Is there a guide for how to get large files onto OMERO? I have figured out how to convert files with bioformats2raw, but I don’t quite understand where to go from here and how to use the ome-cli-zarr plugin
There is a blog post about the conversion process https://www.glencoesoftware.com/blog/2019/12/09/converting-whole-slide-images-to-OME-TIFF.html
and also a useful notebook (prepared for our community meeting in May) explaining the various conversion steps
To import the data into OMERO, the files will need to be either TIFF or OME-TIFF.
I hope it helps
jumping in a bit late, but it’d be good to know what you’d like to do with the Zarr. Currently the ome-zarr format supported by the plugin is not an official format and so is not supported by OMERO. If you are trying to do something large in production, then the best path is to stick with the complete conversion to OME-TIFF using
raw2ometiff. If you are looking to do something more exploratory, we’ll be happy to help.
I am a bit confused with the workflow of importing large images. I understand that the new workflow published here
Therefore, those large images should first be converted to ome-zarr and then to ome-tiff, then import the ome-tiff into omero.
But how would one associate the original file within omero? Can I still have the original formatted file (which is imported by ln_s) to be linked to the new ome-tiff thumbnail and pixel data, etc? Is there a way to do that internally?
Or for those more adventurous, I guess it is possible of using omero-ms-zarr microservice, presumably one needs to create a obj that link that will link to the output of the .zarr from bioformats2raw and that should allow omero API to access the pixel level data. Presumably like the implementation example here Next-generation file formats (NGFF)
One can then use a different viewer to view the zarr image. Am I correct on the interpretation of how omero will deal with zarr images? If I am correct, then will there be a way to link back to the original file?
The reason of linking back to original file is the need for Research Data Management and other software and demands requiring accessing the original image file.
Looking forward to the dicussion at the OME Meeting next week.
Hi @ken.ho san
Not at the moment. The workflows as they exist are geared more towards dealing with issues where the original data has not, and especially cannot, be imported into OMERO. In that case, I could see having a reference to the storage location for the original data as an annotation, but nothing is prescribed.
If the data is already in OMERO, then I guess the question is what you are trying to achieve by converting to OME-Tiff?
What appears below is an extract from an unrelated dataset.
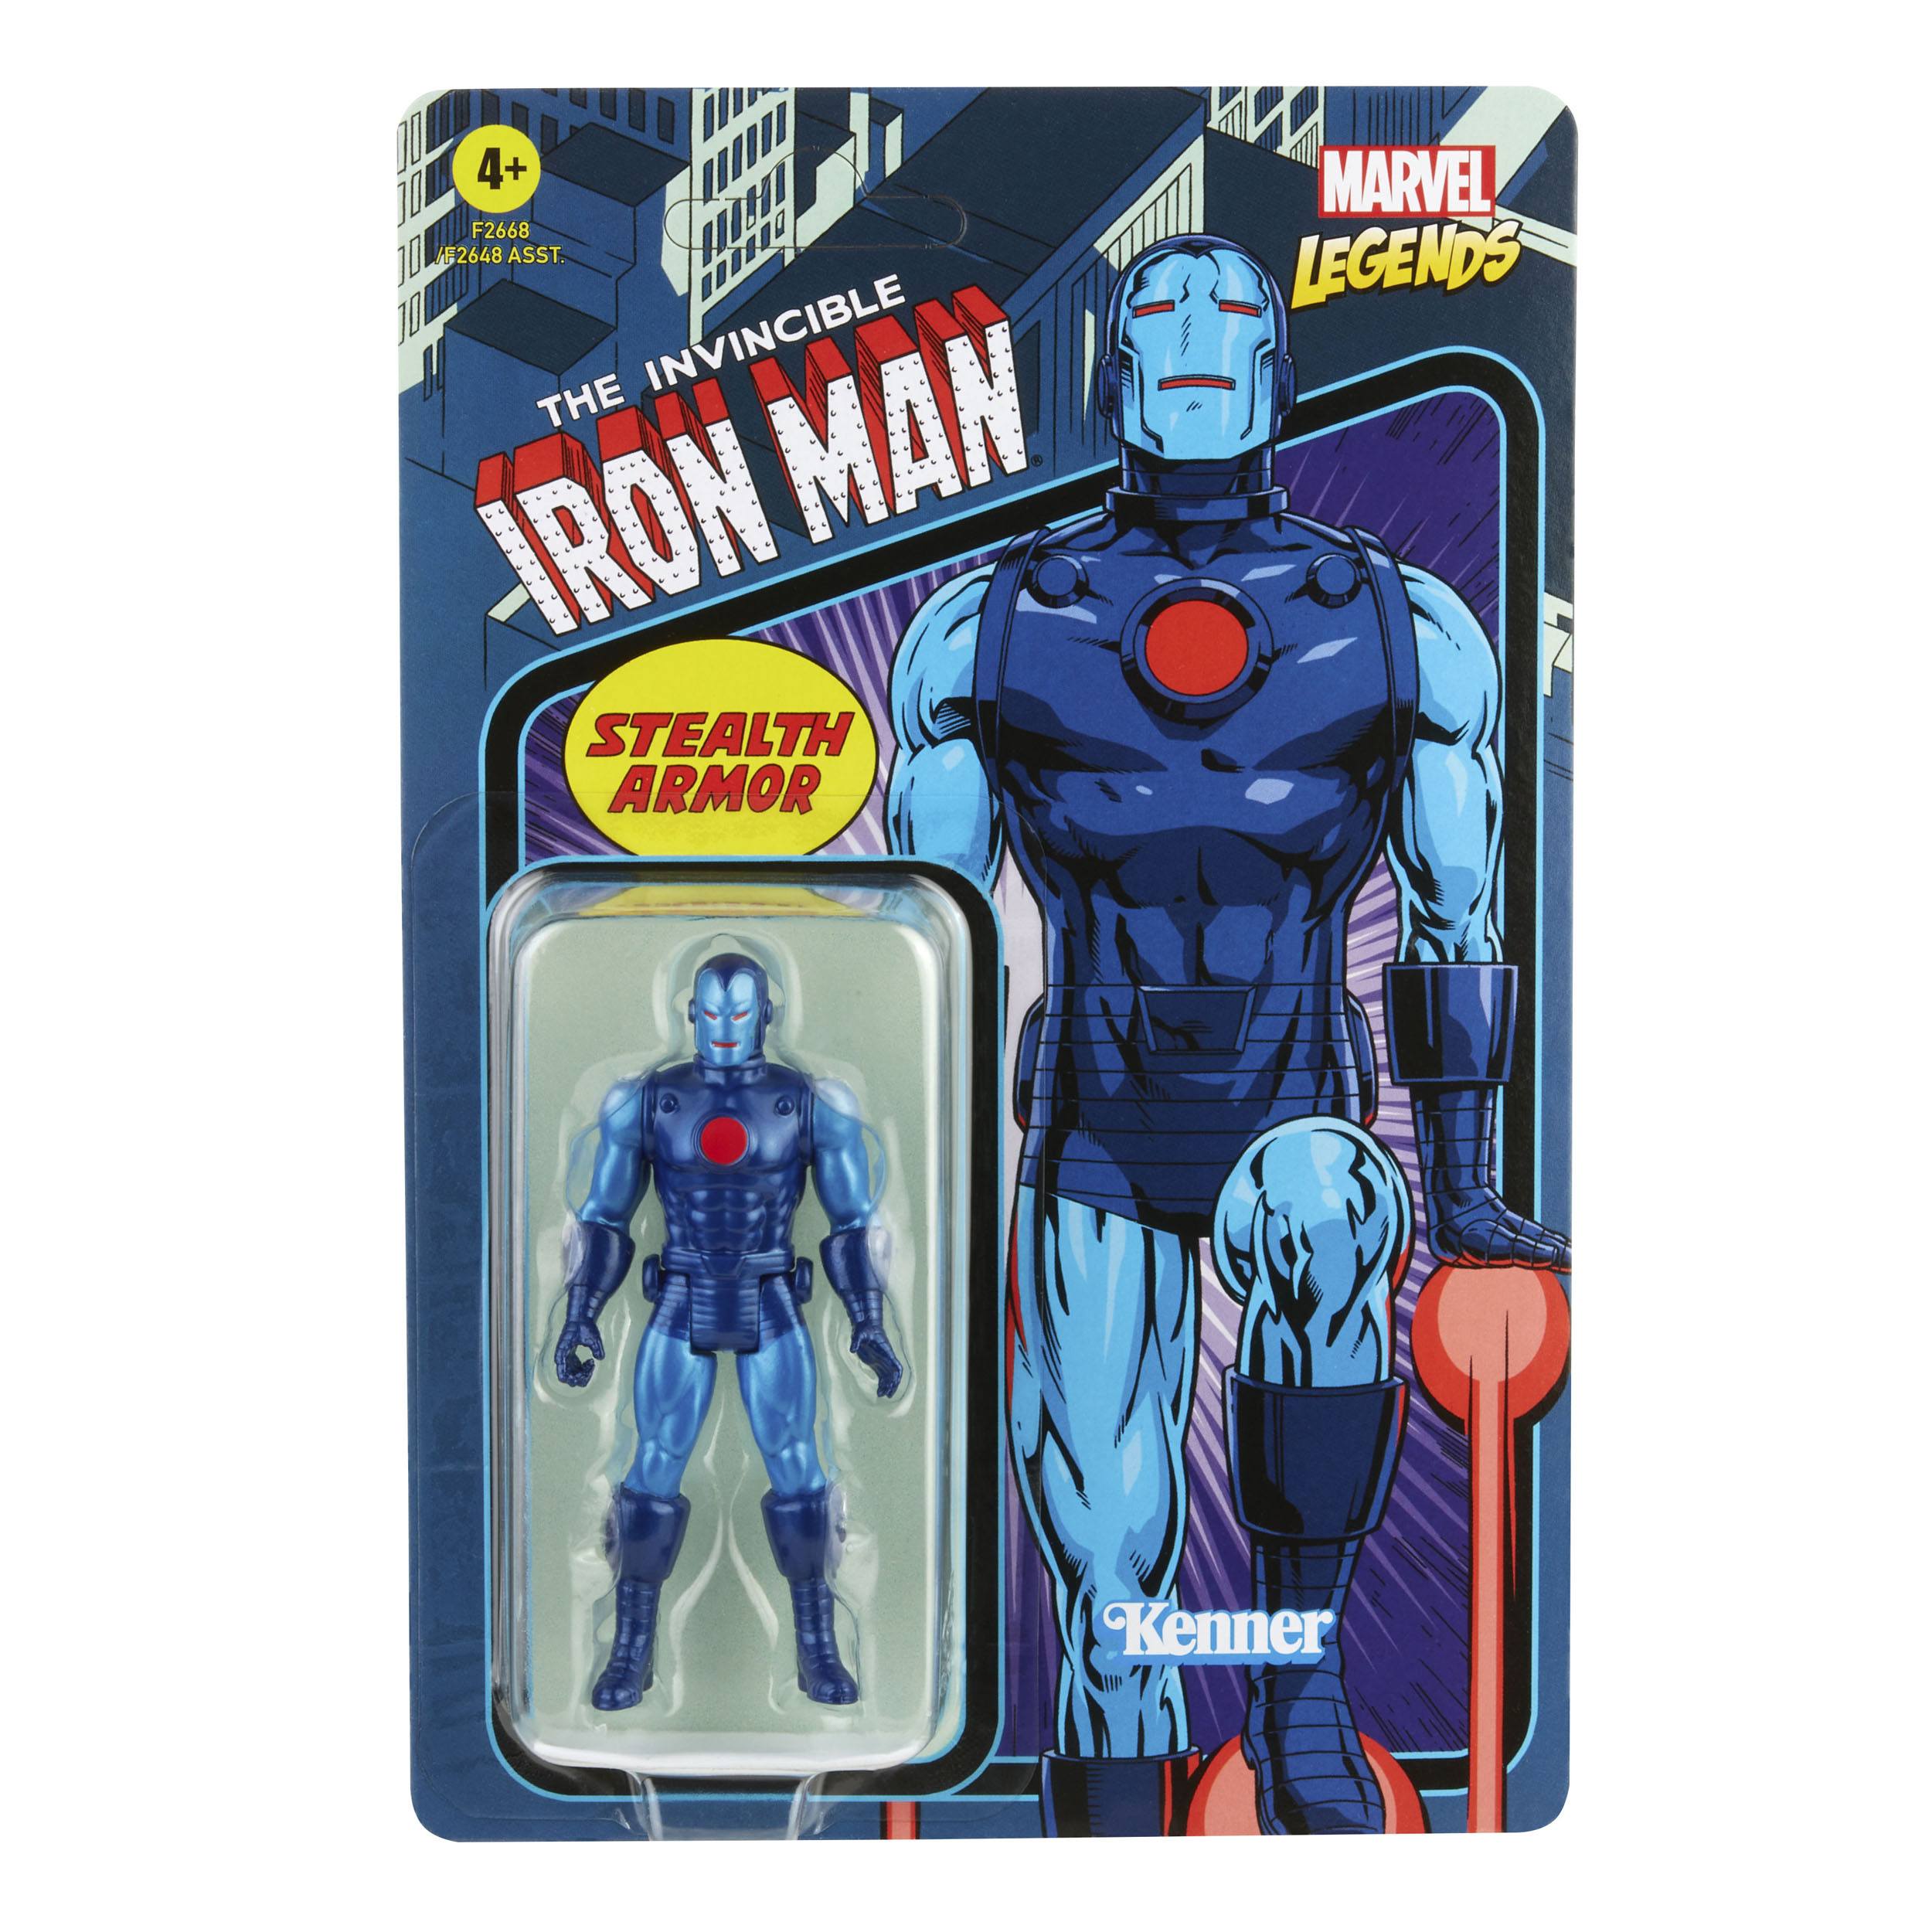 Marvel Legends Retro Collection Series Actionfiguren 10 cm Stealth Iron Man F26485L03 5010993842766
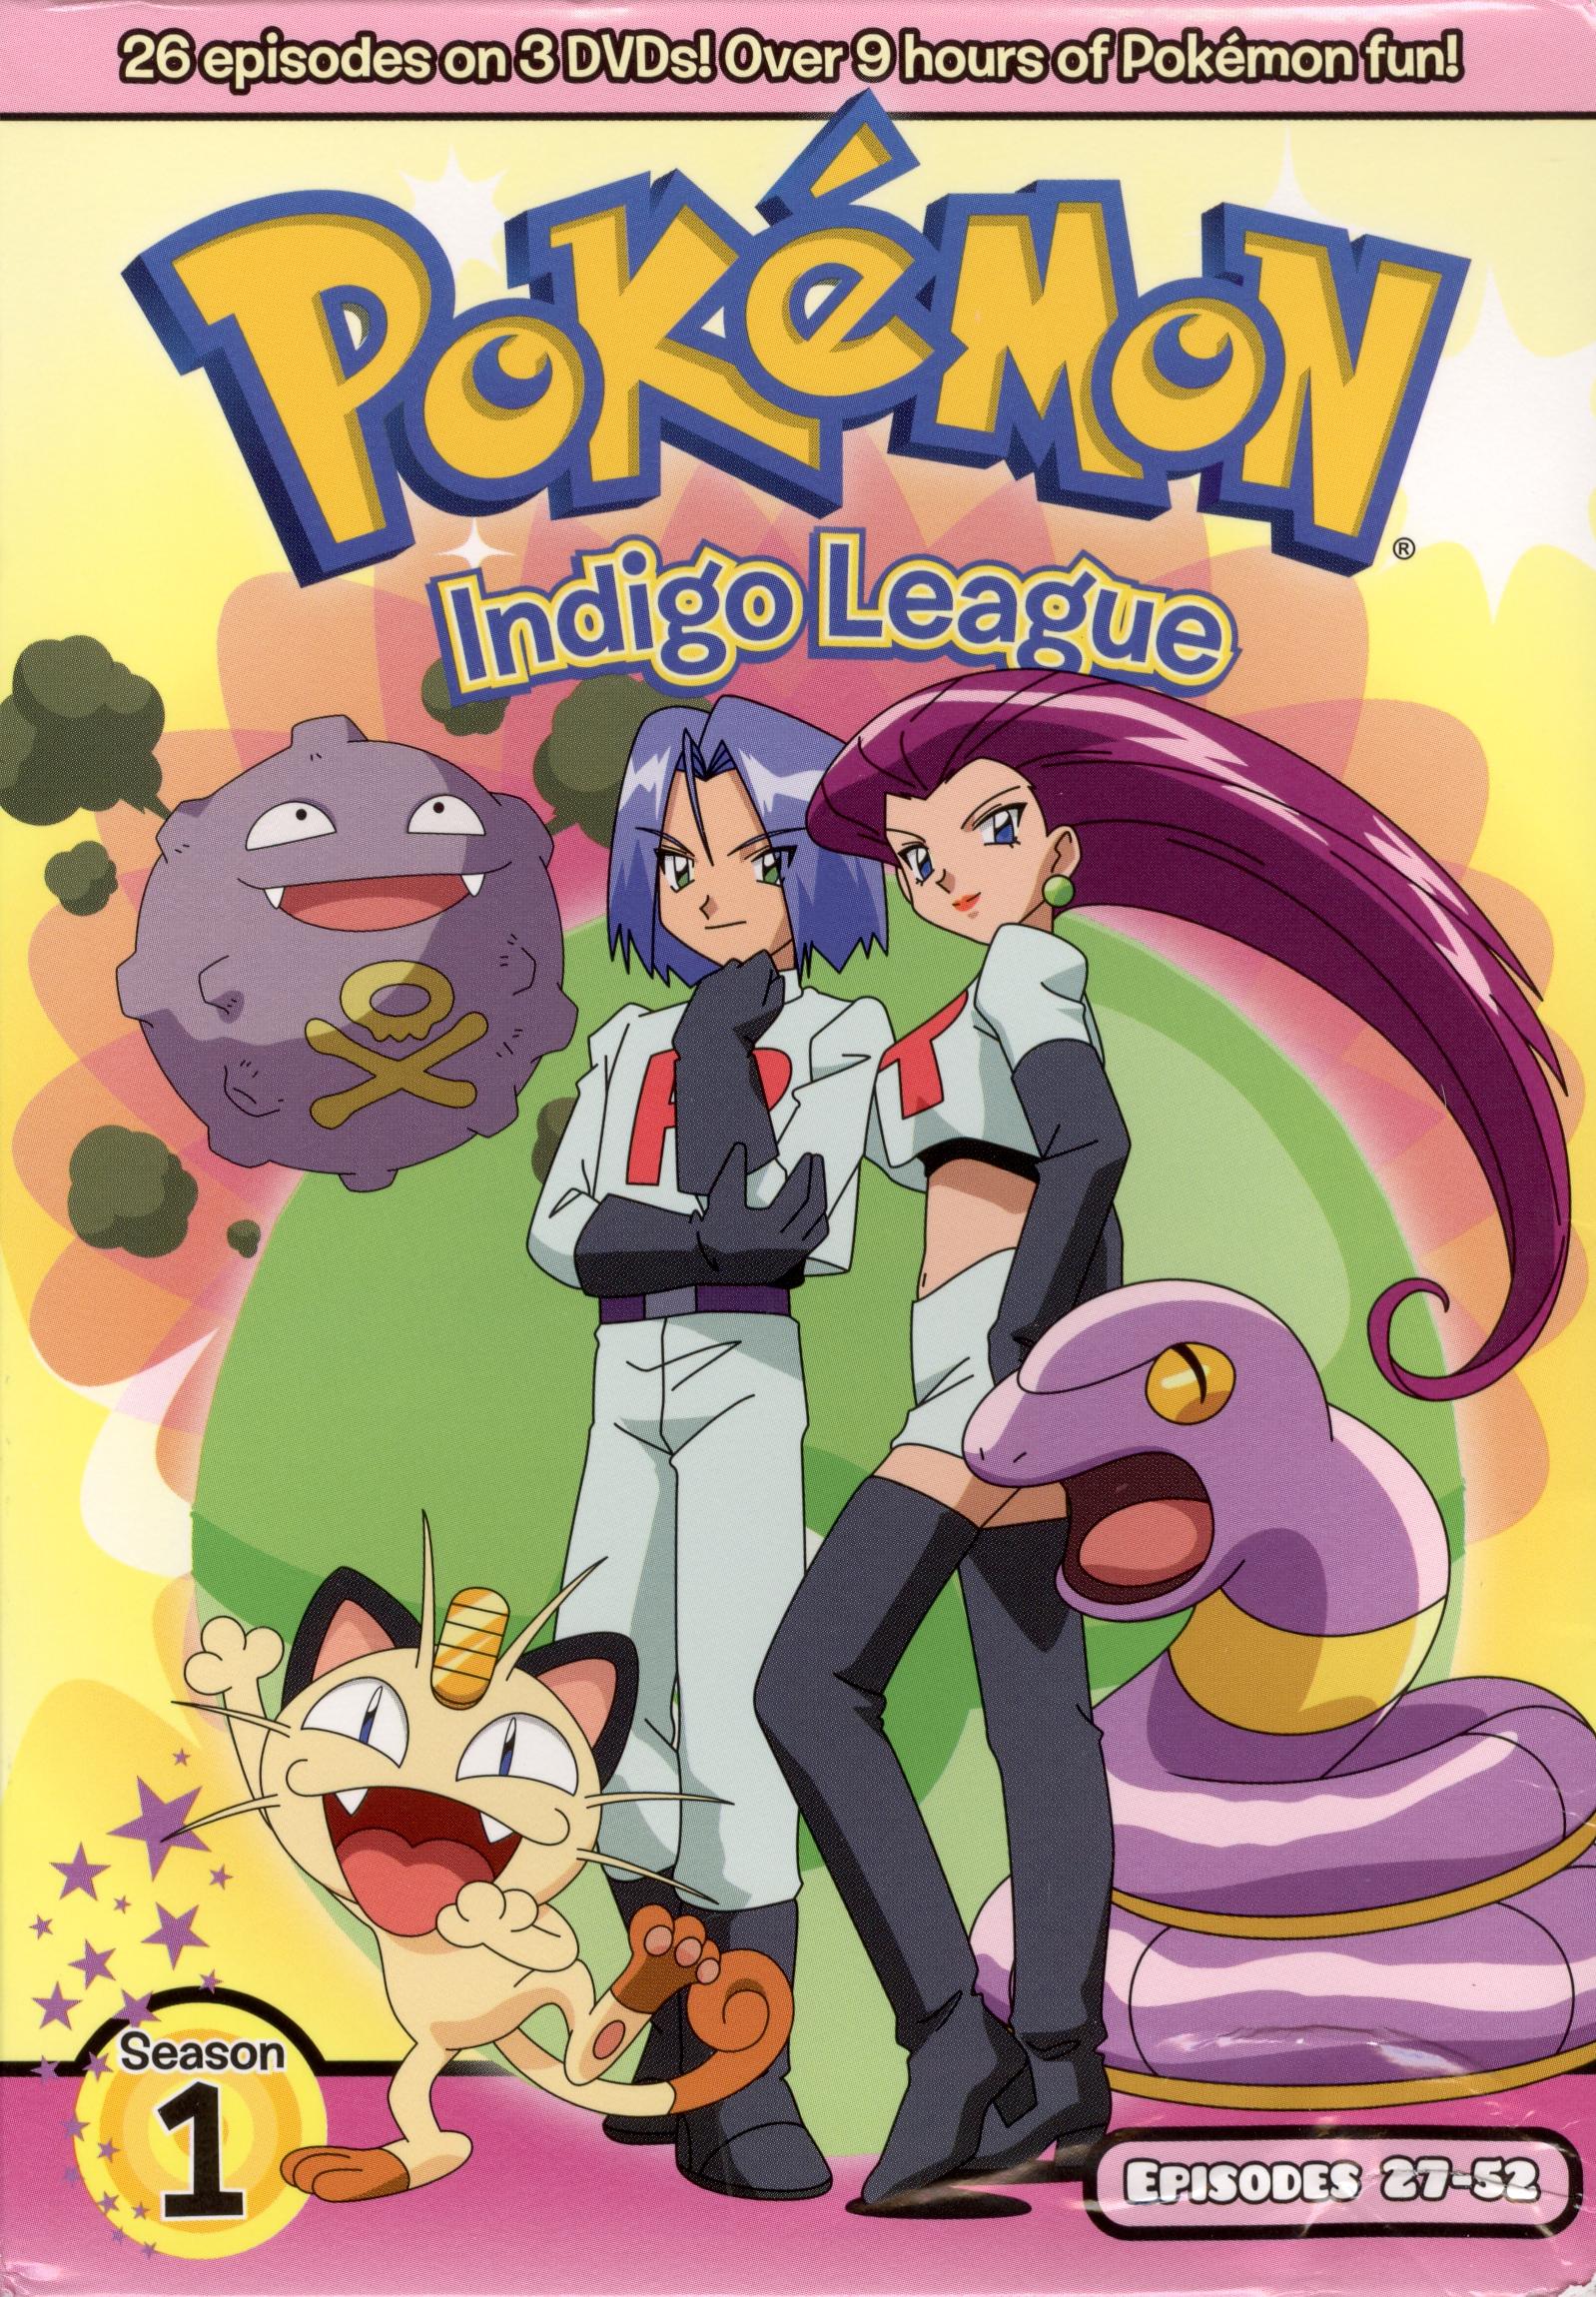 Pokemon Season 1: Indigo League Part 1

Are these pyramidal images? Are the pyramids in OMERO not performing?
If the goal is to have the Zarr, then at the moment, yes, our best offering is generating Zarr on the fly. (Below)
That isn’t implemented at the moment. Currently, omero-ms-zarr generates a Zarr for you using bioformats directly. i.e. you don’t need to cache the Zarr representation. What you outline though would be feasible. In general, it would be great to have more people defining (and implementing) use cases in the microservice!
There are a number of tools that can now access Zarrs remotely, yes. In general, it’s a more generic API and frees clients from needing to speak OMERO-ish.
Thanks for the reply Josh.
The files are large images more than 3000x3000 pixels in formats, like jpeg, ND2 and BigdataViwer that were imported into OMERO, but OMERO didn’t generate those pyramidal images. Users can’t see or view the images and I guess they will not be able to access by API either. Hence the need to convert them to OME-TIFF and re-importing them.
I think I am going to remove the original images (can’t be rendered nor access) from OMERO (they were ln_s anyway) and then re-import them in OME-TIFF (without ln_s) and change the OriginalFilePath of the OME-TIFF to point to the original formatted files.
The use case for this is that there are demands from Machine Learning team(s) to access the raw propreitary image files.
Thanks, I shall play around with it later and will report this back if there is something worth posting.
Interesting. Which field would you change? The other alternative is of course an annotation.
My naive thinking is to update OrginalFile.name and OriginalFile.path.
In a way the OME-TIFF formatted file is internalised … I think…
Maybe you are right that annotation is a safer option. As the above manipulation may be confusing for other system-admin to follow up in the future.
No. Those fields are used to look up the file in the managed repository. Changing those would make the data unparseable.
clientPath is an option. It will change what shows up with the little
/../.. symbol in the UI but there may not be a one-to-one mapping between how many files are in the OME-TIFF and how many are in the source dataset.
Many thanks for the advice.
I shall do an annotation instead then. To be on the safe side.
My naive thinking was that the OriginalFile.name and .path are for reference on the UI only and in my Use Case to give other teams direct access to the original files. I thought importing the OME-TIFF wihtout in-place import, it will just use the files in the ManagedRepository. Sounds like there are more to this than meets the eye. I shall play around with Filesetentry.clientPath and see what it looks like in my dev server.